Stanford has always been tough for Arizona. Wednesday night was no different.
"I credit Stanford because I thought they had a good game plan," Miller said. "They've got great experience and size on the court. The way they decided to play us, we needed to make a few more perimeter shots.
"When we got to the foul line, we needed to convert."
Arizona hit 18 of 29 free throw, or just enough to get by. It's been Arizona's most noticeable problem so far this year; the Wildcats went into the game hitting just 64 percent from the line.
"If we would have converted more from the foul line, the game would have felt differently from start to finish," Miller said. "Our guys have a lot of resiliency. Nick Johnson's plays at the end were as big as you come up with, especially in conference play."
Arizona's offense was out of sync early. The Wildcats missed seven of their first eight shots and was down again to begin the game.
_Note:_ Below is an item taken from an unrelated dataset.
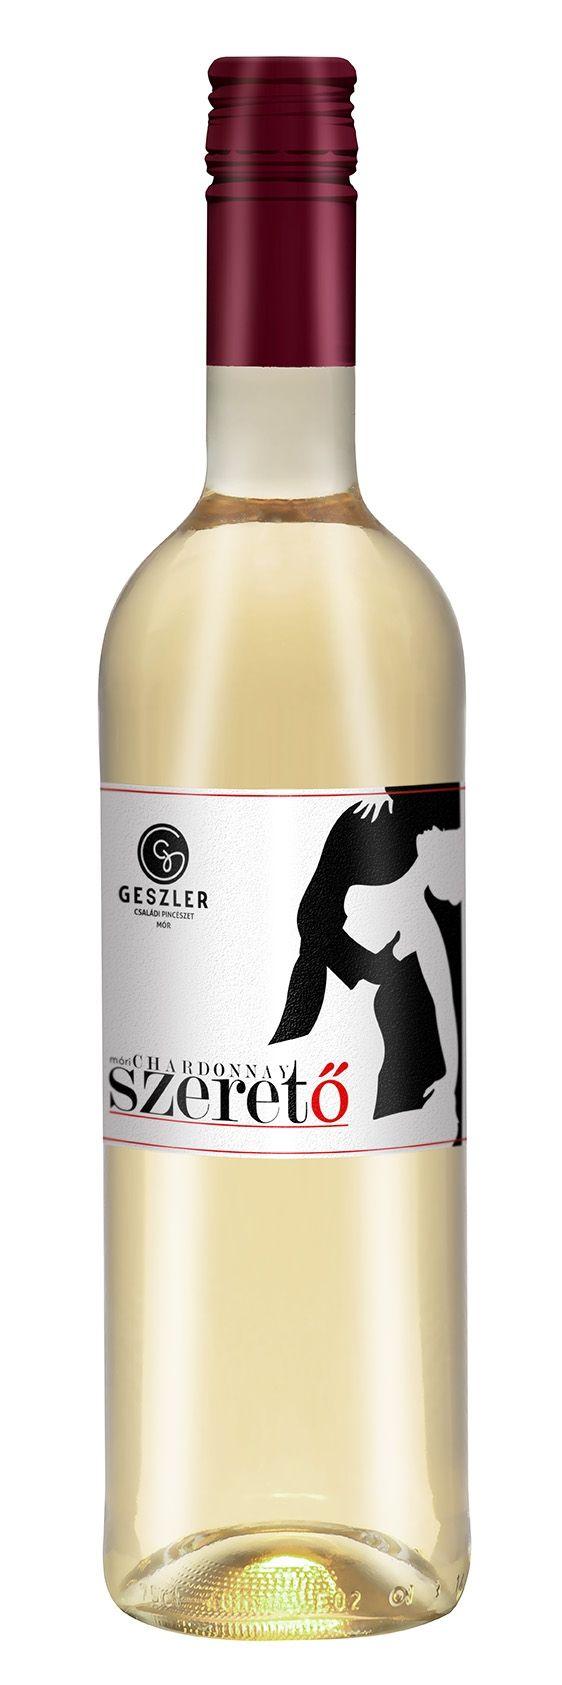 Az egyik legnépszerűbb borunk … a fiatalok és a hölgyek kedvence! SZERETŐ- Móri Chardonnay (2015)  oltalom alatt álló eredetmegjelölésű FÉLÉDES fehérbor Szeretnénk ezzel a Chardonnay-vel annak minden kóstolóját elcsábítani, bevezetni a finom, változatos, izgalmas móri borok világába. Aki megízleli ezt a könnyed, üde bort, annak megmarad az emlékezetében és vágyakozni fog a folytatásra… http://www.geszlerpince.hu/borok-geszler-csaladi-pinceszet-mor/szereto-mori-chardonnay-2015#tartalom
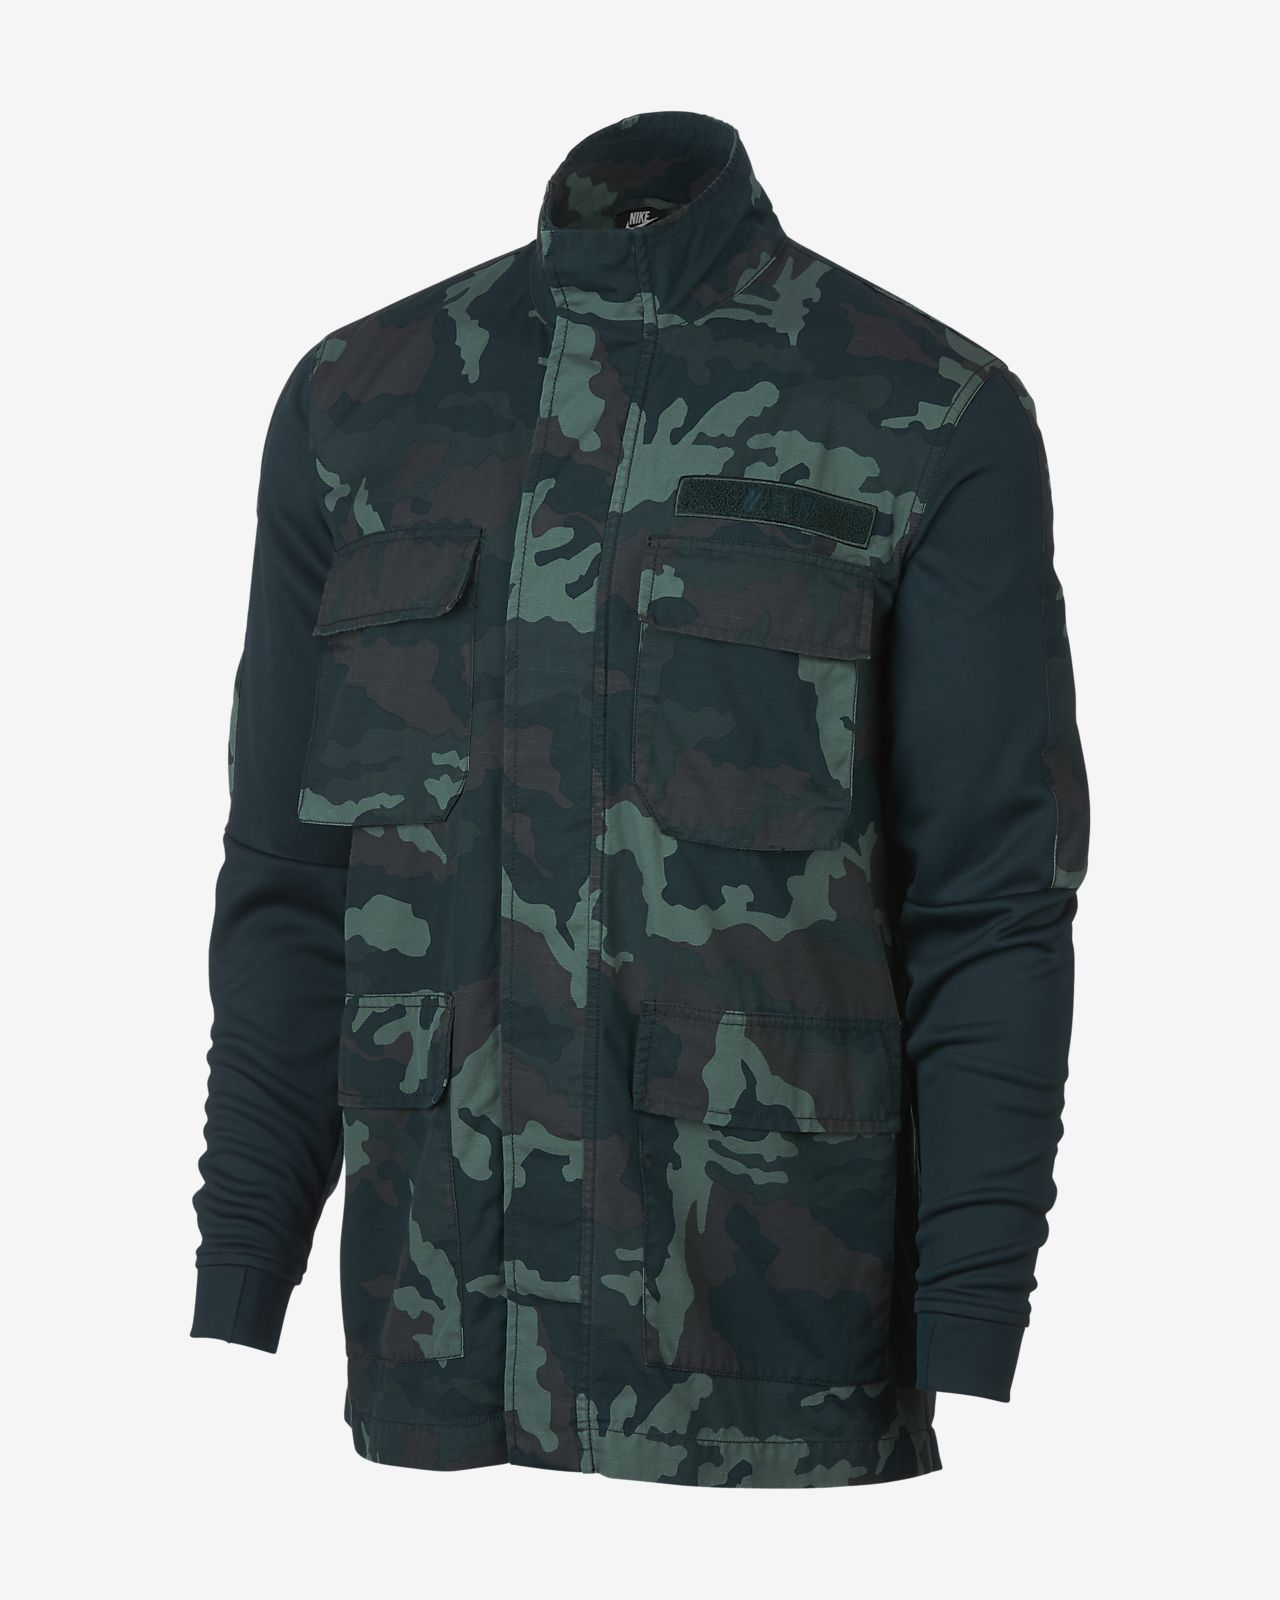 d27ad3c8e15f2 Nike Sportswear NSW Chaqueta de camuflaje - Hombre. Nike.com ES

"There were times, although I'd like to give Stanford all the credit defensively, we didn't just struggle because we didn't hit open shots or free throws, but we didn't execute at times as well as we could have all season long," Miller said.
But the defense remained solid. Stanford hit just 31 percent of its shots in the second half, keeping Arizona close. Stanford missed 12 of its final 13 shots and didn't score a field goal in the final 1:21.
"We just turned it up a notch," Miller said about his team's defense. "I thought Aaron (Gordon) and Rondae (Hollis-Jefferson)'s length (was helpful). I thought Brandon Ashley did an excellent job."
Miller said he spoke to Ashley after the game to remind him he is constantly needed with rebounds.
"He didn't have his typical impact, but he stepped up and really played an excellent second half," Miller said. "Most of his points and all of his rebounds came in the last 20 minutes."
Miller said his team must be "cleaner" in its next game vs. California on Saturday.
"Eventually we will do ourselves in when scoring in the 50s and low 60s," Miller said. "We have to be able to score more."